I've been trying out my gmail account. It's a cool system, allows for some interesting faceted classification. It's interface for filters is immature, but given the quality of everything else, i expect it'll improve.
What worries me is the space limit. I know, 1 gig sounds like a lot, but i've been storing my email offline, and apparently i get a lot of email. In the three day's i've averaged 4.33 megs of incoming email per day. That means that my gmail account will be full in 230 days, or the beginning of April. One of the reasons i have such a high level of email is spam. Gmail appears to count my spam folder as part of my quota.
The spam filter is pretty good, it seems to have a lot of false positives for emails in Italian, which may reflect how the italian's emotion intensive way of writing emails and communicating follows some of the same attention grabbing methods of spam. To a lesser degree i've also had false positives on the email from Uruguayans, which would make sense, they are mostly decedents of italian immigrants.

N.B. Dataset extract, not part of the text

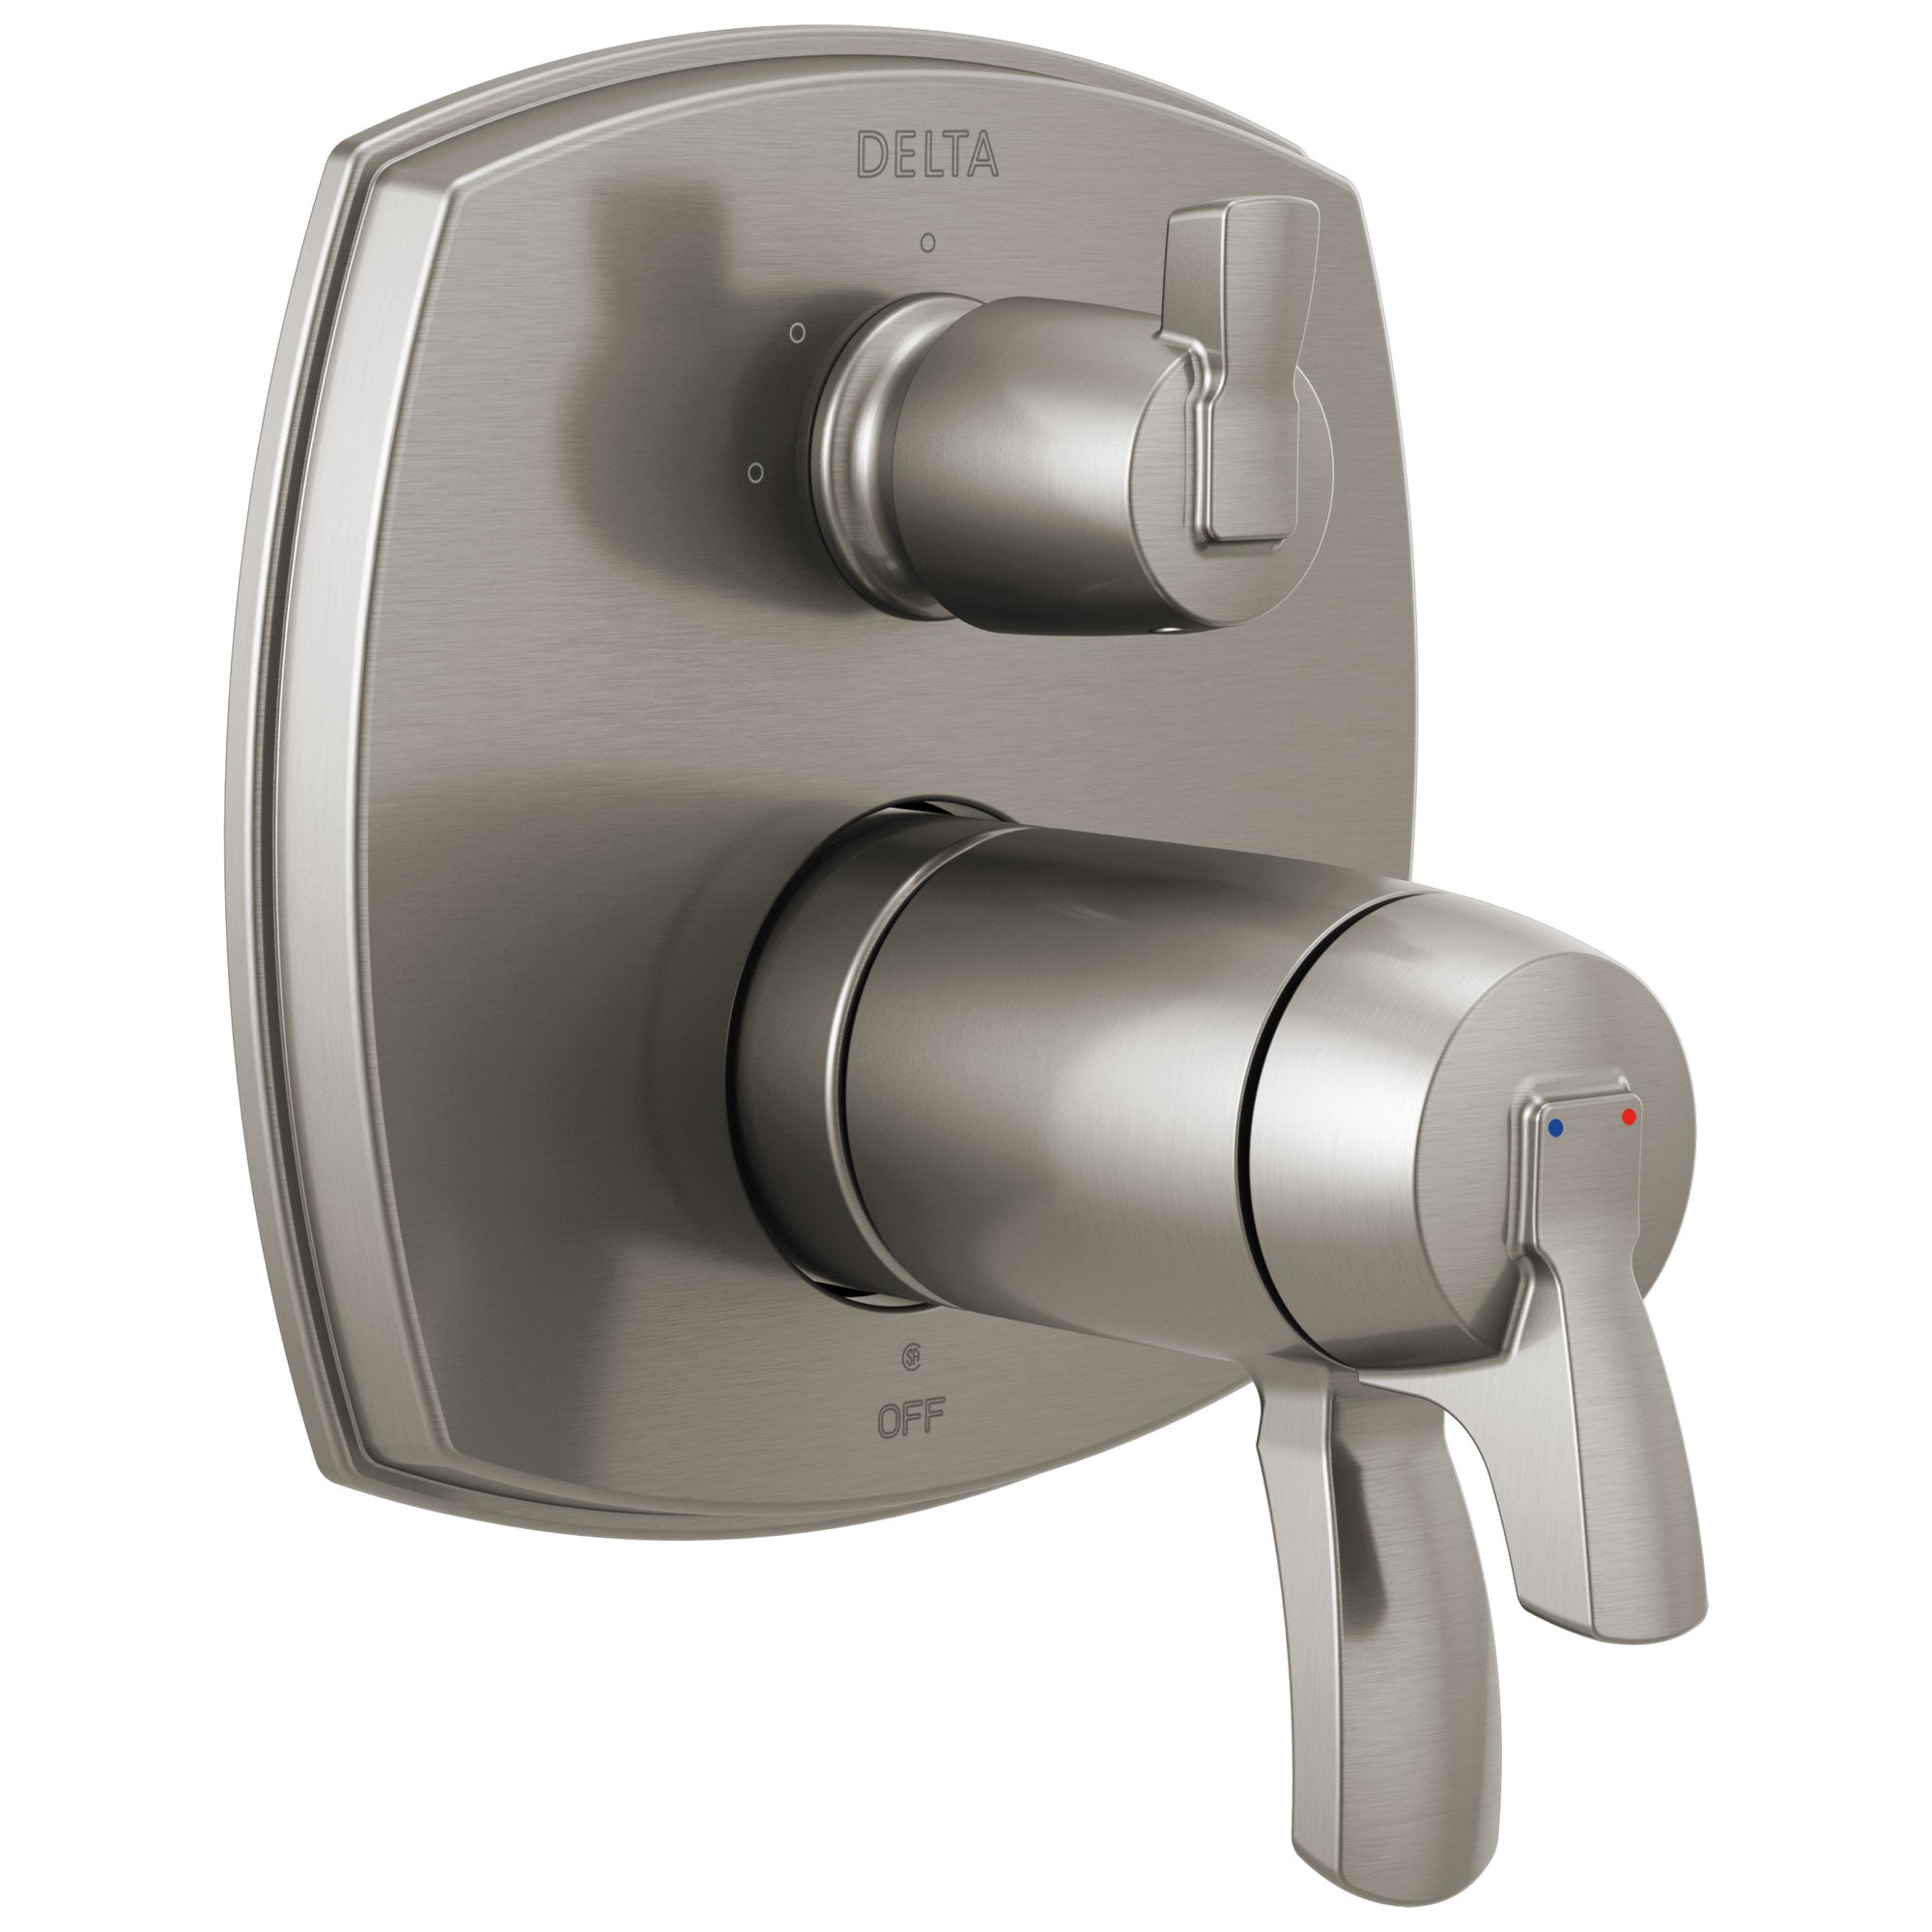 Delta Stryke Stainless Steel Finish 3-setting Integrated Lever Handle Diverter Thermostatic Shower System Control Includes Valve and Handles D3094V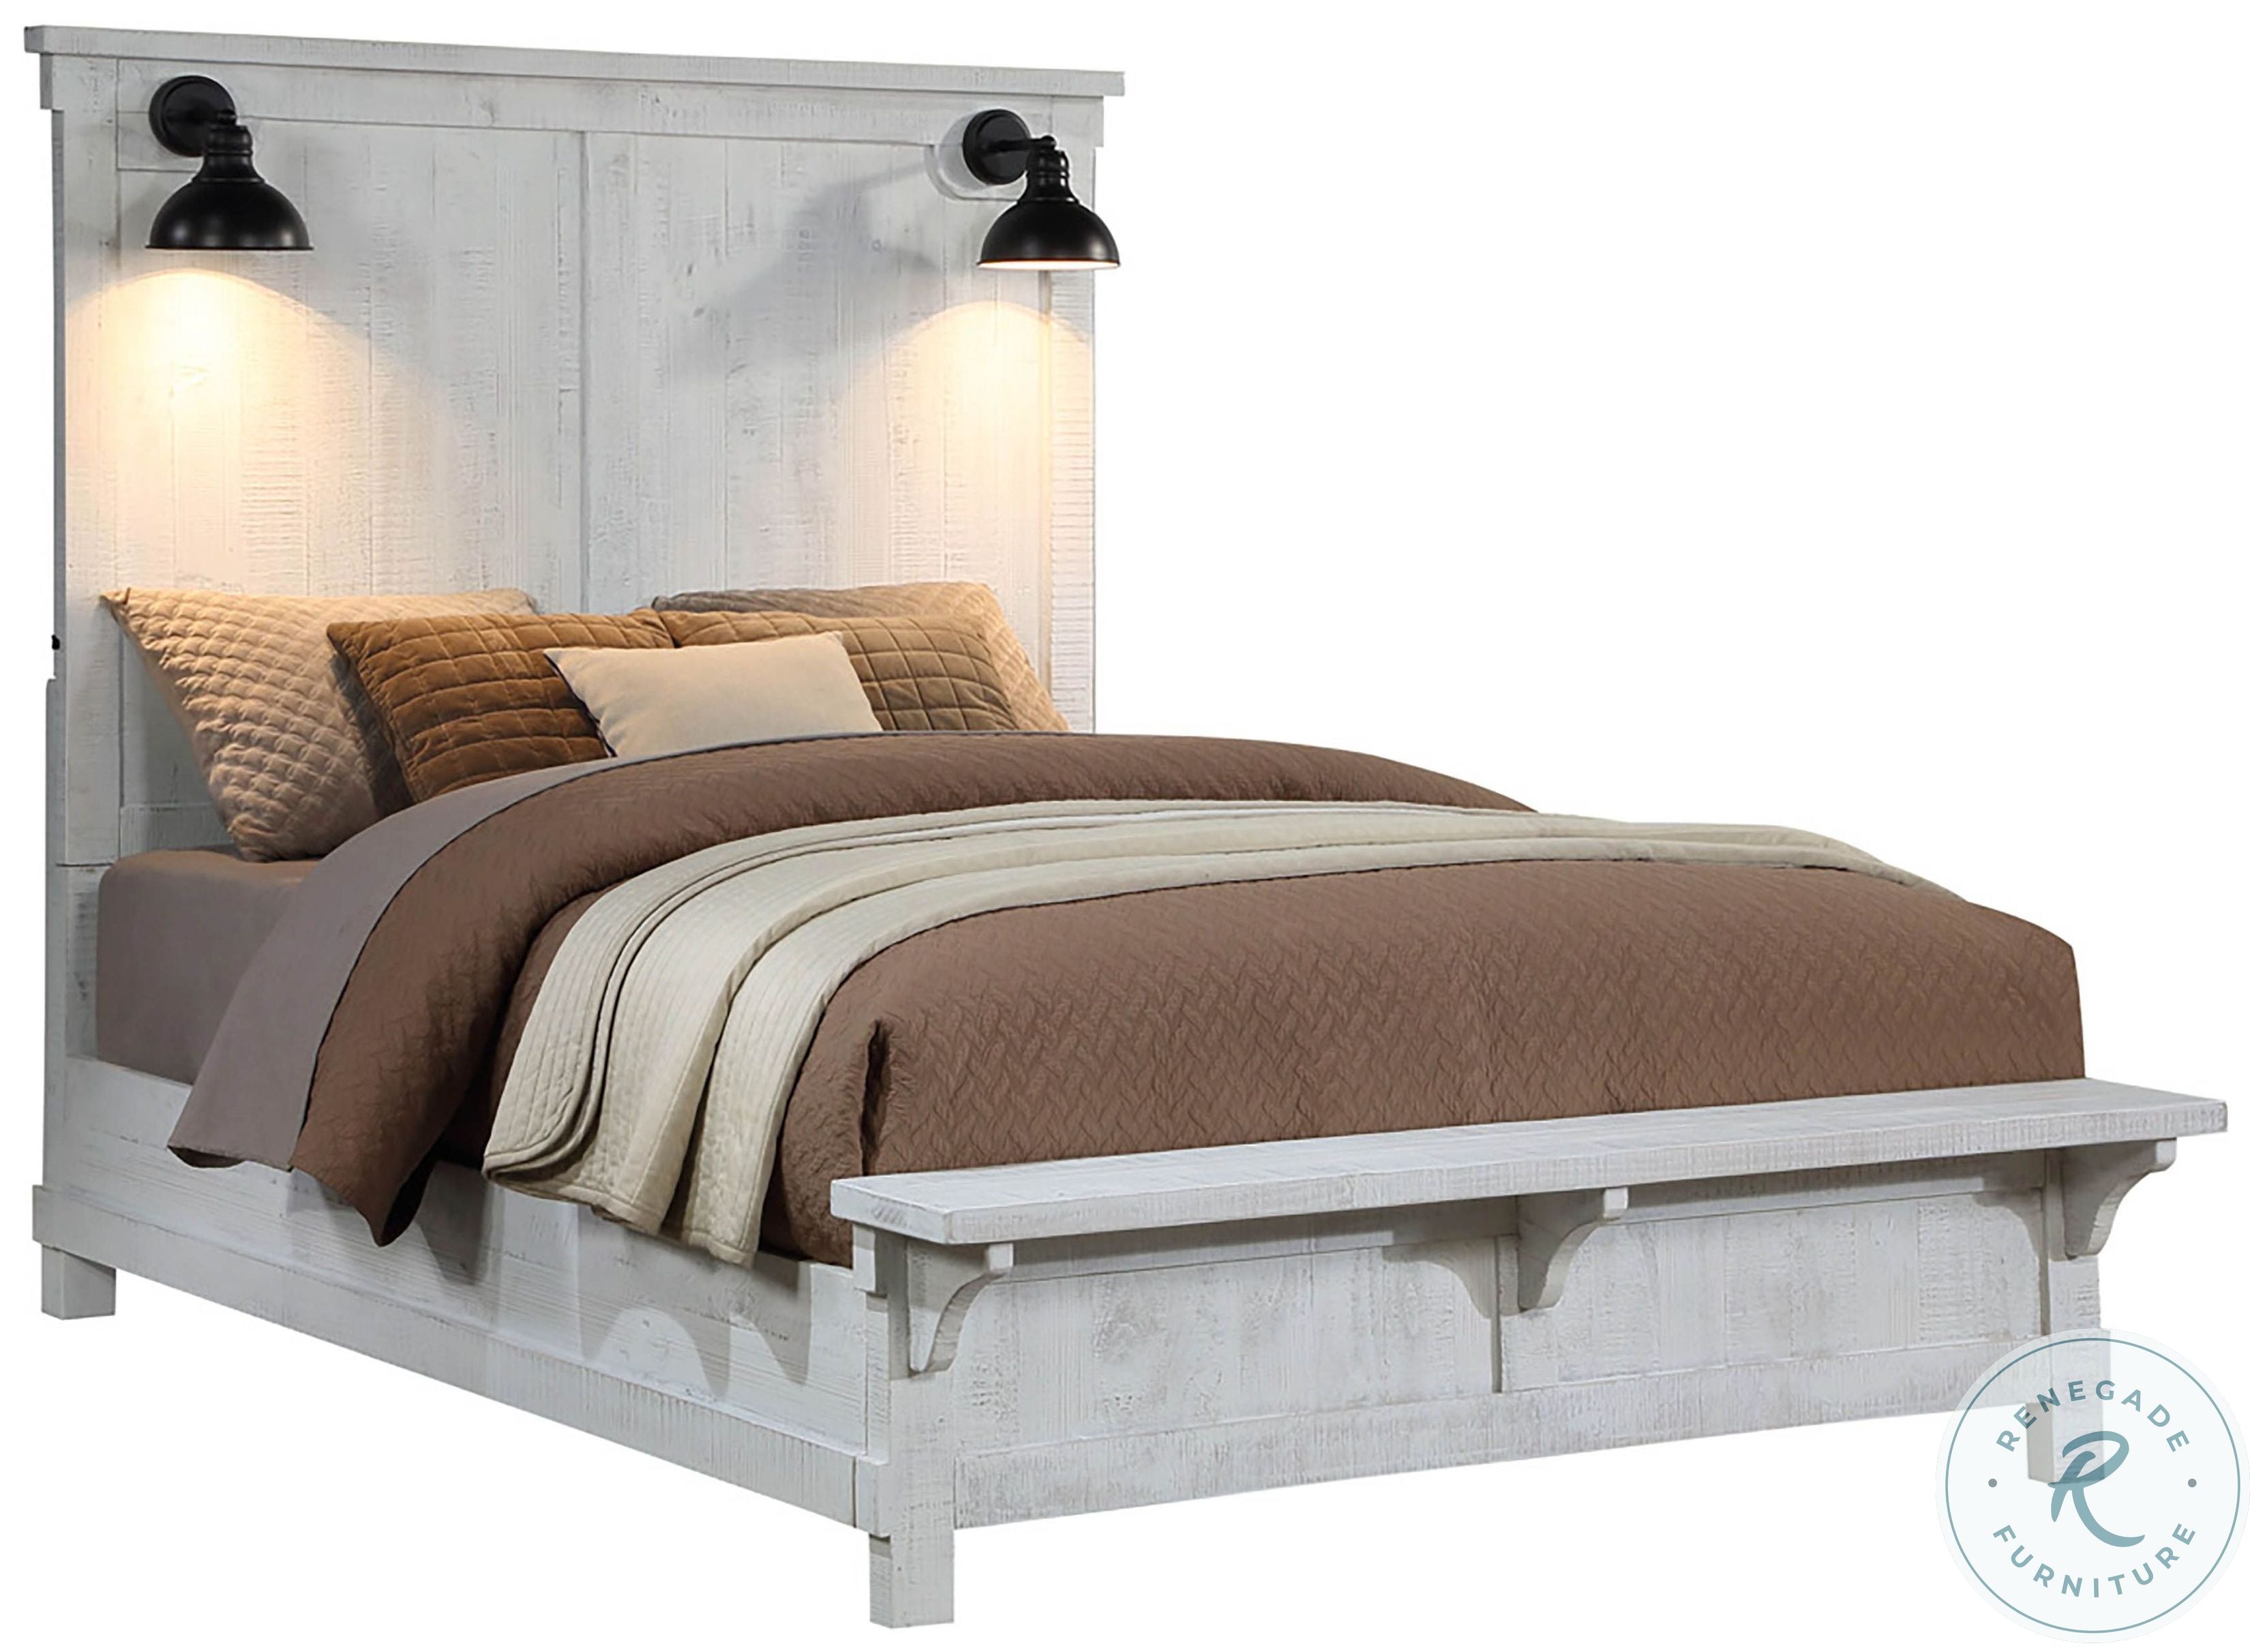 Farmhouse Distressed White King Panel Bed with Bench Footboard by Avalon Furniture

It's interesting how cultural norms of interaction play in to spam filters. What would be abusive in one culture is normal in another, and the other way around, i know italians and rioplatenses (people from buenos aires and montevideo) who complain about 'cold people' who are anti social and don't exhibit their emotions in a way which can be read. If we train our emails for the norms of anglo culture, then we can unwittingly exclude culturally acceptable communication as spam when it happens in other cultures. Perhaps the filters should be parallel by language instead of combining them.